Aún recuerdo al señor esperándonos mientras me zampaba tremenda malteada de fresa a las 10 u 11 de la noche. Porque mi tía, como buena oveja negra, siempre me compraba alimentos inapropiados en horas inoportunas.

Cuando tenía unos 12 o 13 le pedí llevarme al Castillo de Chapultepec, se lo pedí mil veces antes de que aceptara, con la condición de llevarme también a la Zona Rosa, “¿cómo es que no la conoces?”, se sorprendía; claro, ella esperaba que a esa edad yo dominara el tema de los Centros Nocturnos, ¿no? Menos mal que había cines, y tuvo la buena puntada de presentarme el emblemático Latino. En total estuvimos quizá unas dos horas en el castillo (subida y bajada al cerro incluida, porque ella se aburrió enseguida) y toda la tarde y parte de la noche en la famosa Zona, hasta que vio el reloj y se alarmó: “tu mamá nos va a matar”.

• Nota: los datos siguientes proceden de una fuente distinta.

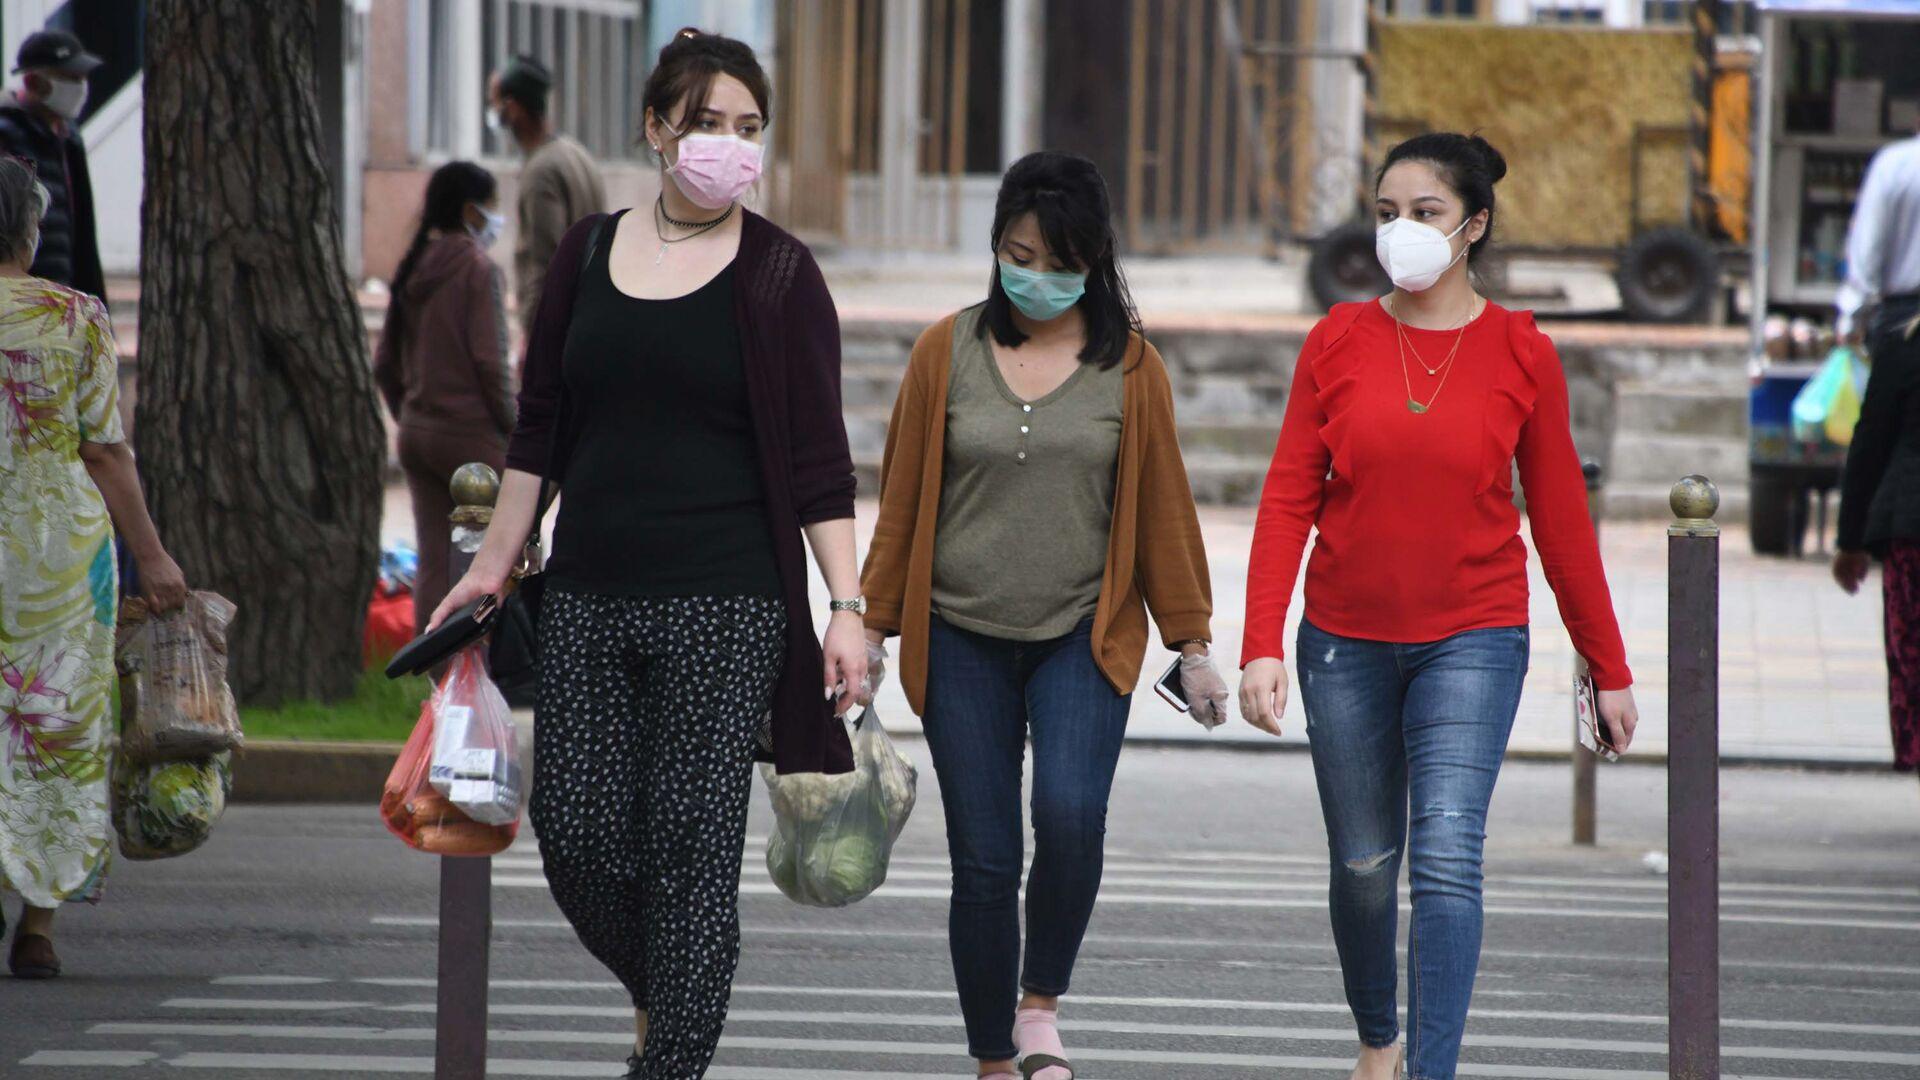 Жители города Душанбе в защитных масках на улице - Sputnik Таджикистан, 1920, 30.09.2021
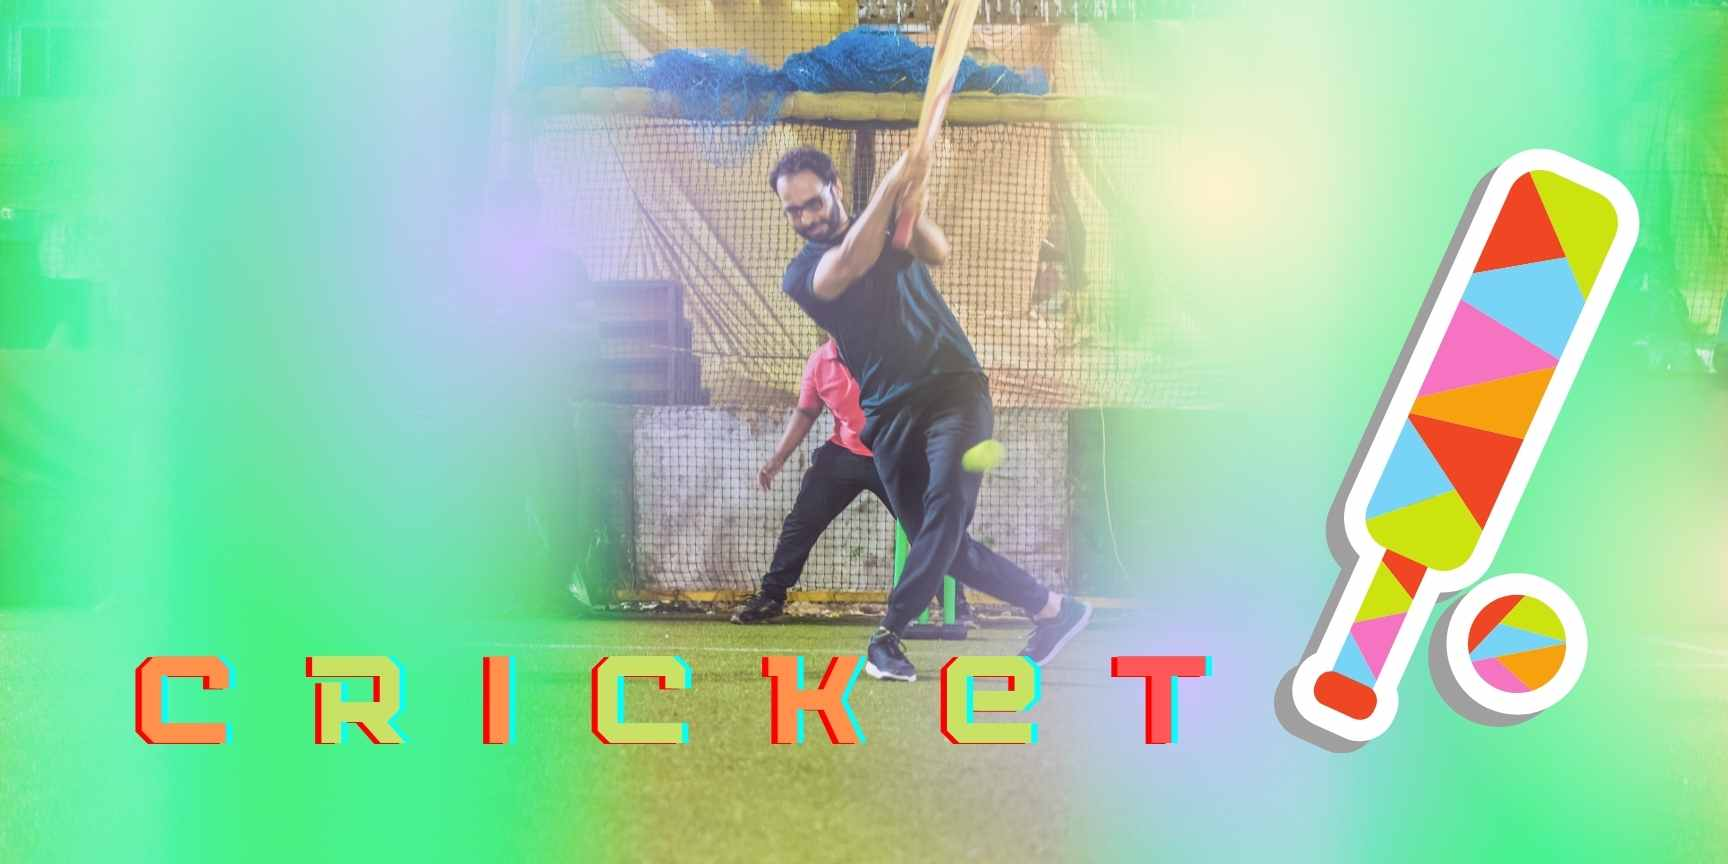 cricket name

Como estábamos solas, no hubo a quién extorsionar para llevarnos gratis y abordamos un taxi, creo que fue de los primeros en mi vida: de sitio y color coral. No recuerdo qué pasó después, aunque seguro mi madre o mi abuela la regañaron horrible por llevar a la niña “a ese lugar” y, peor aún, “en taxi”.

Salvo por mi tía, el taxi era la última opción de transporte viable. Carro o nada…metro quizá para ir al centro. Pero el taxi era “peligroso” (como mi tía). A falta de tía, ahora yo enseño a Celu a usar todo tipo de transporte, ¡que fresez horrible esa de sólo andar en carro!

La tía murió hace pocos años, el último recuerdo que tengo es su voz (aún) grabada en mi contestadora: felicitándome por Celu, a quien nunca pudo conocer porque “no hay quien me lleve hasta tu casa” #chantaje, pero igual la sigo amando.